Lecture 13: One-sample \(t\)-test

STAT 205: Introduction to Mathematical Statistics

Dr. Irene Vrbik

University of British Columbia Okanagan

March 15, 2024

Introduction

So far we have covered two hypothesis tests for a single sample:

  1. Hypothesis test for the mean \(\mu\)
  2. Hypothesis tests for the proportion \(p\)

The distribution of the test statistics associated with each of these tests is the standard normal. For obvious reasons, these are referred to \(Z\)-tests.

Z-tests

Test statistic for \(\mu\) with \(\sigma\) known

\(H_0: \mu = \mu_0 \quad \text{vs} \quad H_A: \mu \neq \mu_0\)

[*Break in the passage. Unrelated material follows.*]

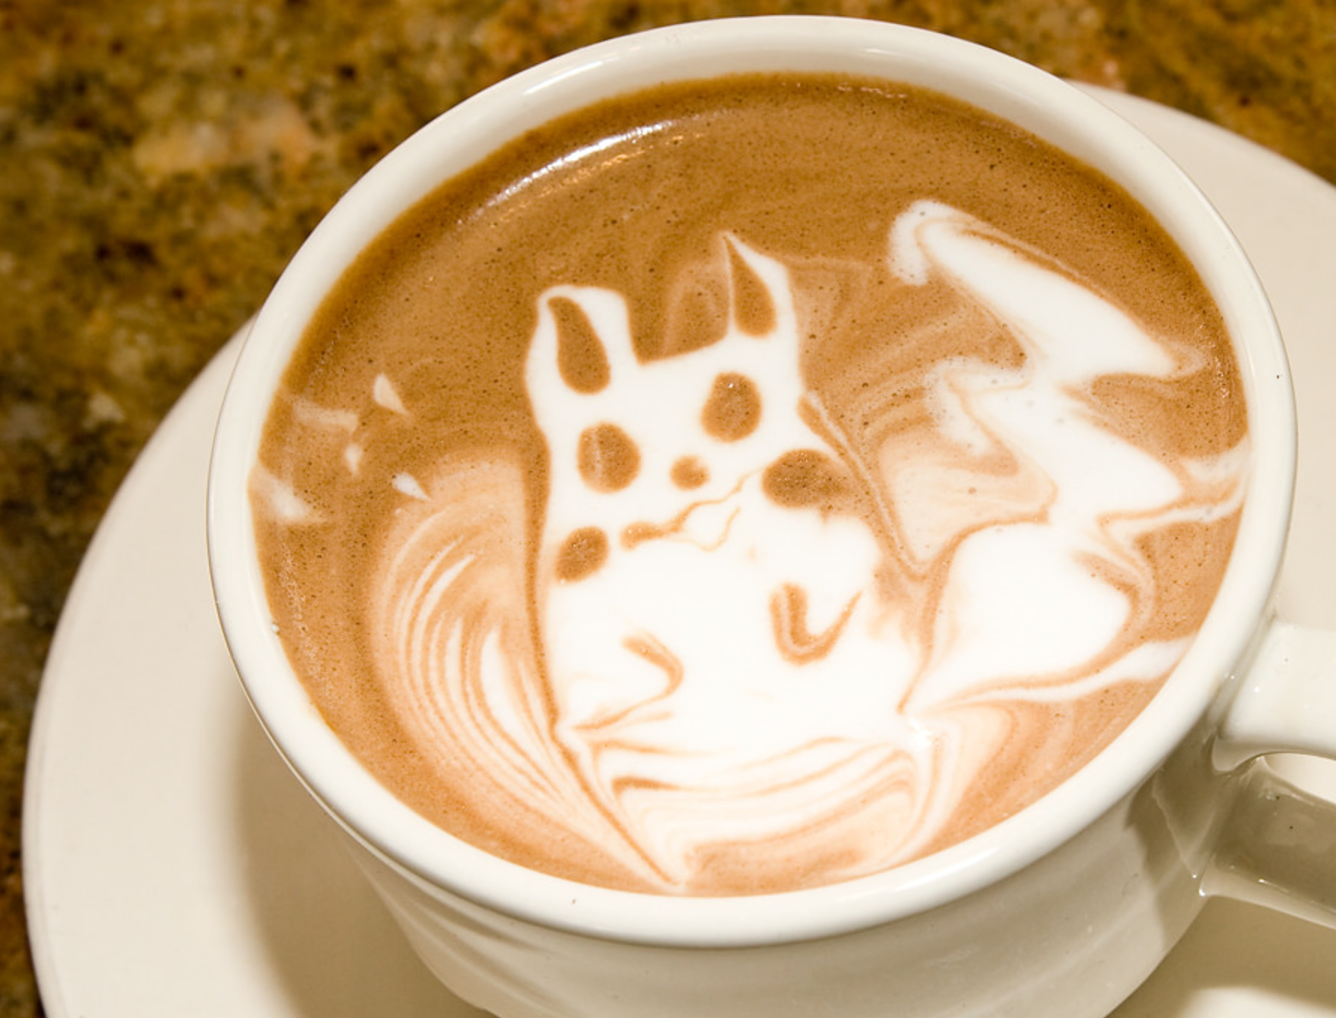 Pikachu Latte, I Choose You!

\[ \dfrac{\bar{X} - \mu_0}{\dfrac{\sigma}{\sqrt{n}}} \sim N(0,1) \\ \]

Test statistic for \(p\)

\(H_0: p = p_0 \quad \text{vs} \quad H_A: p \neq p_0\)

\[ \dfrac{\hat p - p_0}{\sqrt{ \dfrac{ p_0 ( 1 - p_0 )}{n} }} \sim N(0,1) \]

\[ \begin{equation} \text{test statistic} = \dfrac{\text{point estimator} - \text{null value}}{SE(\text{point estimator})} \end{equation} \]

Sampling Distribution of \(\bar{X}\) (CLT)

For sufficiently large i.i.d sample (usually \(n > 30\)), the sampling distribution of \(\bar{X}\) is Normal with mean \(\mu_{\bar{X}} = \mu\) (equal to the mean of the population), and standard error \(\sigma_{{\bar{X}}} = \sigma/\sqrt{n}\) (the standard deviation of the population divided by the square root of the sample size \(n\)). Note: the only assumption about the population is that the mean exists.

Distribution of \(\bar{X}\) under the null

The null hypothesis assumes that the population has a mean of \(\mu_0\). Hence the sampling distribution of \(\bar{X}\), assuming \(H_0\) is correct, is Normal with mean \(\mu_{\bar{X}} = \mu_0\), and standard error \(\sigma_{{\bar{X}}} = \sigma/\sqrt{n}\) (assuming population standard deviation is known).

Distribution of \(\frac{\bar{X}- \mu_0}{\sigma/\sqrt{n}}\) under the null

We can standardize any \(X \sim N(\mu, \sigma)\) random variable by subtracting the mean then dividing by the standard deviation, i.e. \(Z = \frac{X - \mu}{\sigma} \sim N(0,1)\). Doing this with the rv \(ar{X}\) yields our test statistic \(\frac{\bar{X} - \mu_0}{\sigma/\sqrt{n}} \sim N(0,1)\). See plinko animation here

Recap of Critical value Approach

  • From our theoretical knowledge of the sampling distribution, we know that test statistic values of 0 are more likely.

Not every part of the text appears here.